Revert RAWUCHAR macros, renaming them as UCHAR21 and adding an explanatory

comment. git-svn-id: svn://vcs.exim.org/pcre/code/trunk@1431 2f5784b3-3f2a-0410-8824-cb99058d5e15
author: ph10 <ph10@2f5784b3-3f2a-0410-8824-cb99058d5e15> 2014-01-02 17:41:28 +0000
committer: ph10 <ph10@2f5784b3-3f2a-0410-8824-cb99058d5e15> 2014-01-02 17:41:28 +0000
commit: 31a692c6bfca25feffa7cc96dab542080b0a9d0c (patch)
tree: ce87e75e8ed049d97d5f667631fcaf7b30e86f70
parent: 62671ac7455a5eb508bc3f99e6f01585efd08c83 (diff)
download: pcre-31a692c6bfca25feffa7cc96dab542080b0a9d0c.tar.gz
5 files changed, 85 insertions, 67 deletions
diff --git a/ChangeLog b/ChangeLog
index a610c40..568e779 100644
--- a/ChangeLog
+++ b/ChangeLog
@@ -31,10 +31,11 @@ Version 8.35-RC1 xx-xxxx-201x
     must be bigger than the treshold as well. This function is useful, when
     the characters above the treshold are handled in the same way.
     
-7.  The macros RAWUCHAR and RAWUCHARTEST were identical (and the latter was not
-    testing anything, contrary to its name and comment) and were not really 
-    fulfilling any useful function, so I have replaced their use by plain code. 
-    Similarly for RAWUCHARINC and RAWUCHARINCTEST.  

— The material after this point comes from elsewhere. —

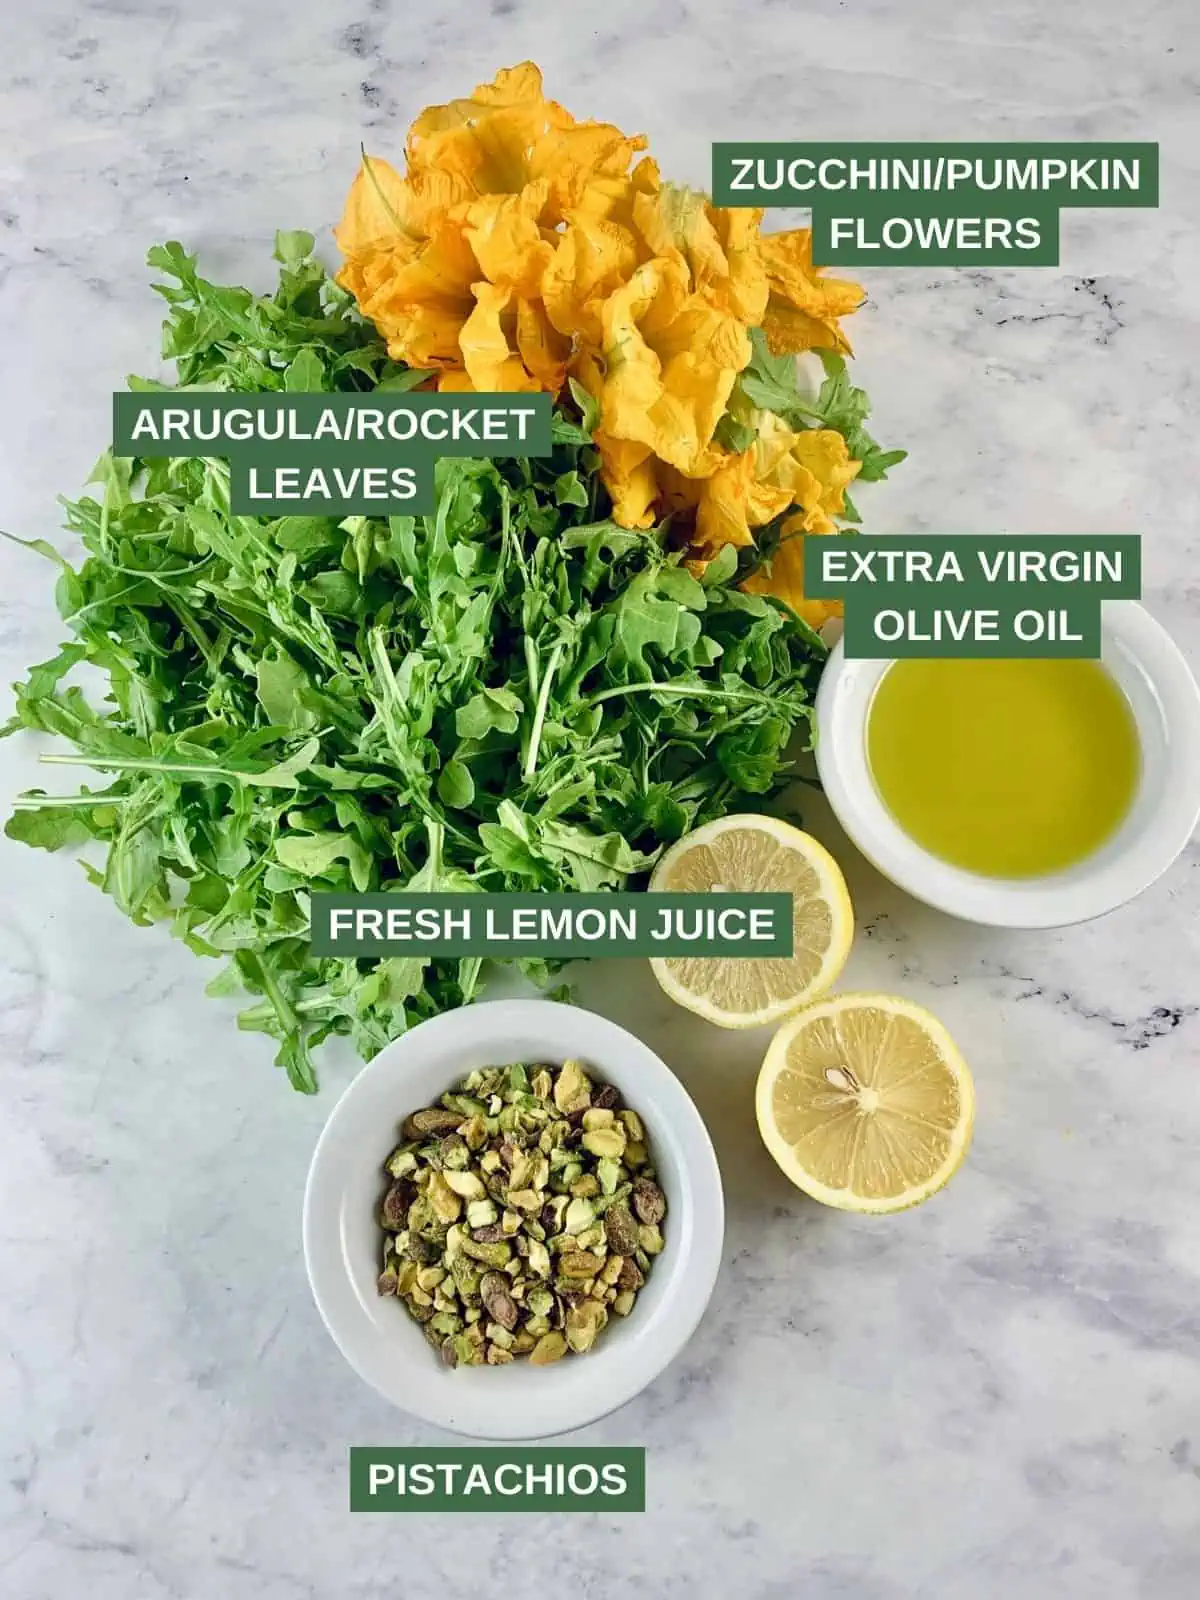 Labelled ingredients needed to make an arugula salad recipe with squash flowers.

+7.  The macros whose names start with RAWUCHAR are placeholders for a future 
+    mode in which only the bottom 21 bits of 32-bit data items are used. To 
+    make this more memorable for those maintaining the code, the names have 
+    been changed to start with UCHAR21, and an extensive comment has been added 
+    to their definition. 
 
 
 Version 8.34 15-December-2013
diff --git a/pcre_dfa_exec.c b/pcre_dfa_exec.c
index 2b6dd10..fb0c7e8 100644
--- a/pcre_dfa_exec.c
+++ b/pcre_dfa_exec.c
@@ -7,7 +7,7 @@ and semantics are as close as possible to those of the Perl 5 language (but see
 below for why this module is different).
 
                        Written by Philip Hazel
-           Copyright (c) 1997-2013 University of Cambridge
+           Copyright (c) 1997-2014 University of Cambridge
 
 -----------------------------------------------------------------------------
 Redistribution and use in source and binary forms, with or without
@@ -1473,7 +1473,7 @@ for (;;)
           goto ANYNL01;
 
           case CHAR_CR:
-          if (ptr + 1 < end_subject && ptr[1] == CHAR_LF) ncount = 1;
+          if (ptr + 1 < end_subject && UCHAR21TEST(ptr + 1) == CHAR_LF) ncount = 1;
           /* Fall through */
 
           ANYNL01:
@@ -1742,7 +1742,7 @@ for (;;)
           goto ANYNL02;
 
           case CHAR_CR:
-          if (ptr + 1 < end_subject && ptr[1] == CHAR_LF) ncount = 1;
+          if (ptr + 1 < end_subject && UCHAR21TEST(ptr + 1) == CHAR_LF) ncount = 1;
           /* Fall through */
 
           ANYNL02:
@@ -2012,7 +2012,7 @@ for (;;)
           goto ANYNL03;
 
           case CHAR_CR:
-          if (ptr + 1 < end_subject && ptr[1] == CHAR_LF) ncount = 1;
+          if (ptr + 1 < end_subject && UCHAR21TEST(ptr + 1) == CHAR_LF) ncount = 1;
           /* Fall through */
 
           ANYNL03:
@@ -2210,7 +2210,7 @@ for (;;)
           if ((md->moptions & PCRE_PARTIAL_HARD) != 0)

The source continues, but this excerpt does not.